Istniało podejrzenie, że w pierwszym konkursie nowy prezes posłużył się sfałszowanym zaświadczeniem o dorobku zawodowym. Zawiadomienie o podejrzeniu popełnieniu przestępstwa złożyła Polska Liga Koszykówki. Wcześniej pojawił się także anonimowy donos. Ruszyło śledztwo toruńskiej prokuratury, czego efektem są już konkretne zarzuty.
- Przemysławowi L. postawiliśmy zarzut posłużenia się fałszywymi dokumentami jako autentycznymi w trakcie kandydowania na prezesa Toruńskiej Infrastruktury Sportowej. Miało to miejsce w okresie od 13 lipca do 9 sierpnia 2017 roku. Fałszywymi okazały się dwa dokumenty: umowa z Polską Ligi Koszykówki oraz zaświadczenie o wcześniej zajmowanym stanowisku. Oba dokumenty pan L. przedłożył w siedzibie spółki TIS. Teraz sprawę skierujemy do sądu. Za czyn opisany w art. 270 par. 1 Kodeksu karnego grozi kara do 5 lat pozbawienia wolności. Mężczyzna nie przyznaje się do winy - mówi Judyta Głowacka, kierująca Prokuraturą Rejonową Toruń Centrum-Zachód.
Władze miasta do tej pory nie zajmowały stanowiska w tej sprawie. Waldemar Szczepański, prezes rady nadzorczej TIS, cały czas zapewniał, że konkurs odbył się zgodnie z prawem. Zapewne także teraz magistrat zaczeka na wyrok sądu.
Zaskakuje jednak wybór Przemysława L. do władz Polskiego Związku Koszykówki, bo działacze powinni wiedzieć o prokuratorskich zarzutach. Sam przebieg wyborów był zresztą dość nieoczekiwany. Wcześniej Przemysław L. był uważany raczej za stronnika Jacka Jakubowskiego, wielkiego przegranego w niedzielę. Jak mówią nasi rozmówcy, tuż przed zjazdem zmienił front i podpisał deklarację poparcia dla Piesiewicza, jako jeden z prezesów okręgowych związków koszykówki. Dzięki temu właśnie mógł liczyć na poparcie w wyborach do komisji rewizyjnej.

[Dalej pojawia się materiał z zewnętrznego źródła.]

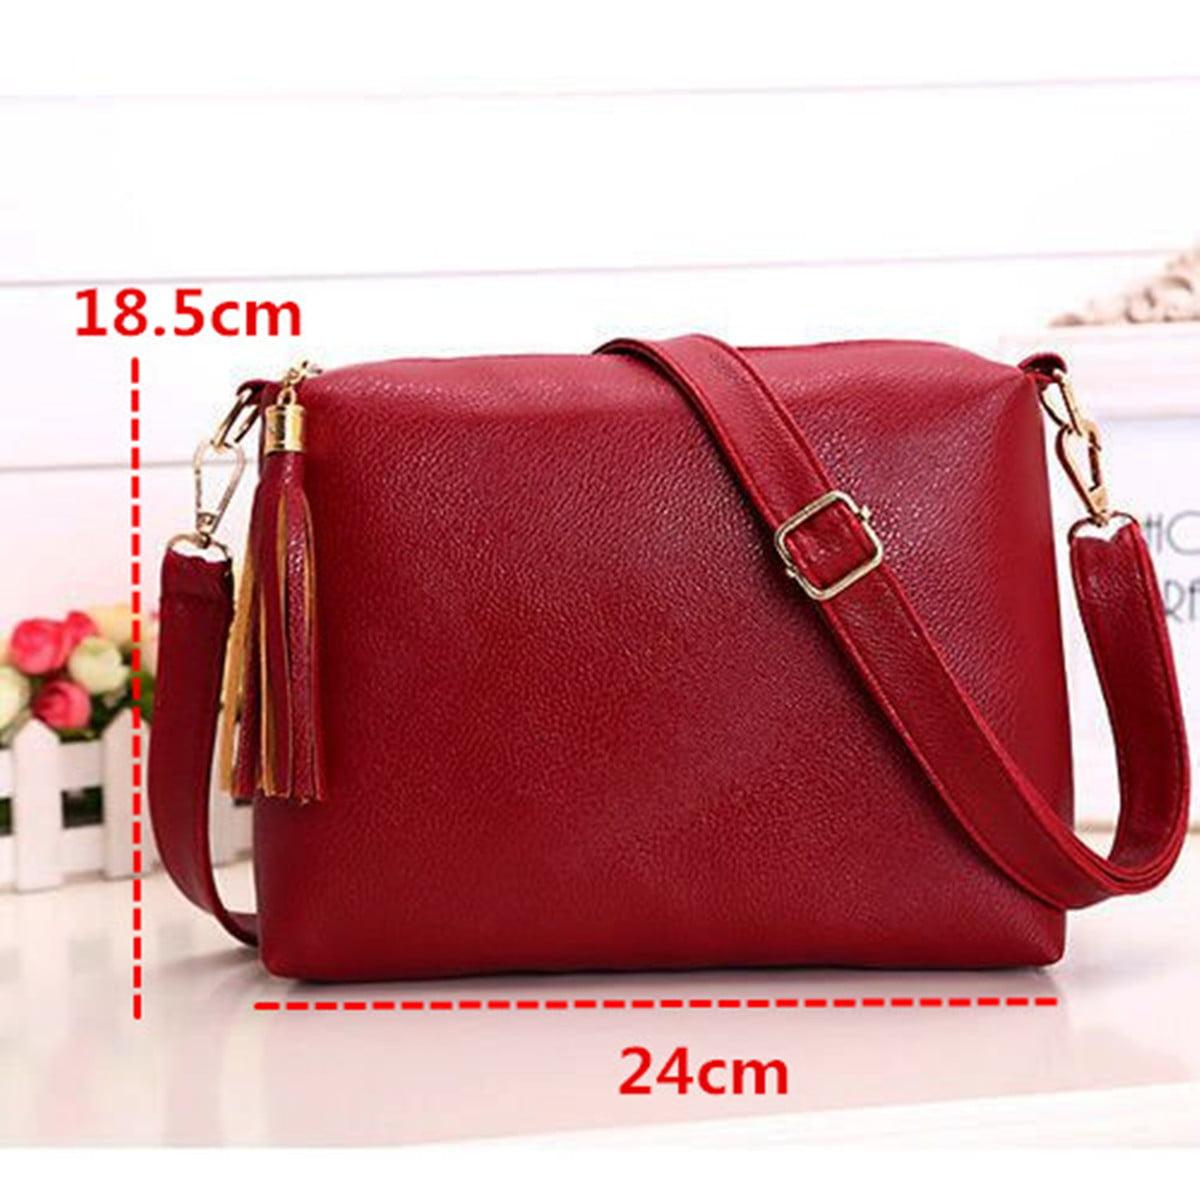 Women Shoulder Bag Handbags PU Leather Crossbody Purse Tote Satchel Fashion Gift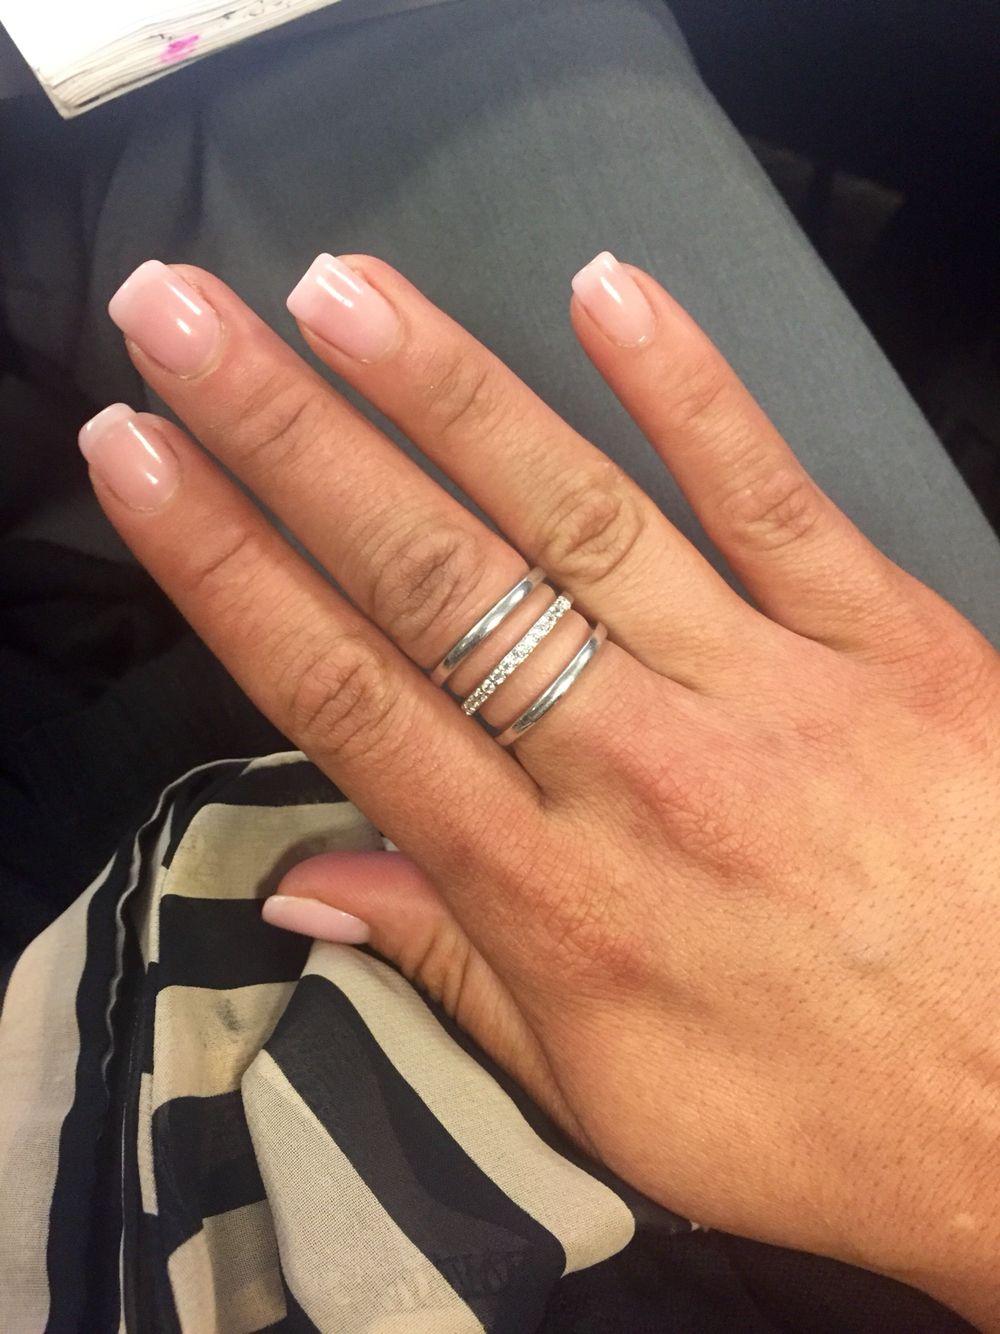 My first nexgen. Nails on point! | Nails | Pinterest | Manicure ...

- Na temat zarzutów nic nie wiedziałem. Nie byłem też delegatem na zjeździe w Warszawie i nie ja wybierałem komisję rewizyjną. Jestem bardzo zaskoczony i ta informacja wbiła mnie w fotel. Pamiętajmy jednak: jest śledztwo, są zarzuty, a na koniec sąd podejmuje ostateczną decyzję i nie skazujmy nikogo przed wyrokiem. Zarząd nie ma możliwości usunięcia członka komisji rewizyjnym. On może jedynie sam zrezygnować. Natomiast pan Przemysław L. był delegatem z kujawsko-pomorskiego i tam należałoby zapytać, dlaczego otrzymał taki mandat - powiedział nam Piesiewicz.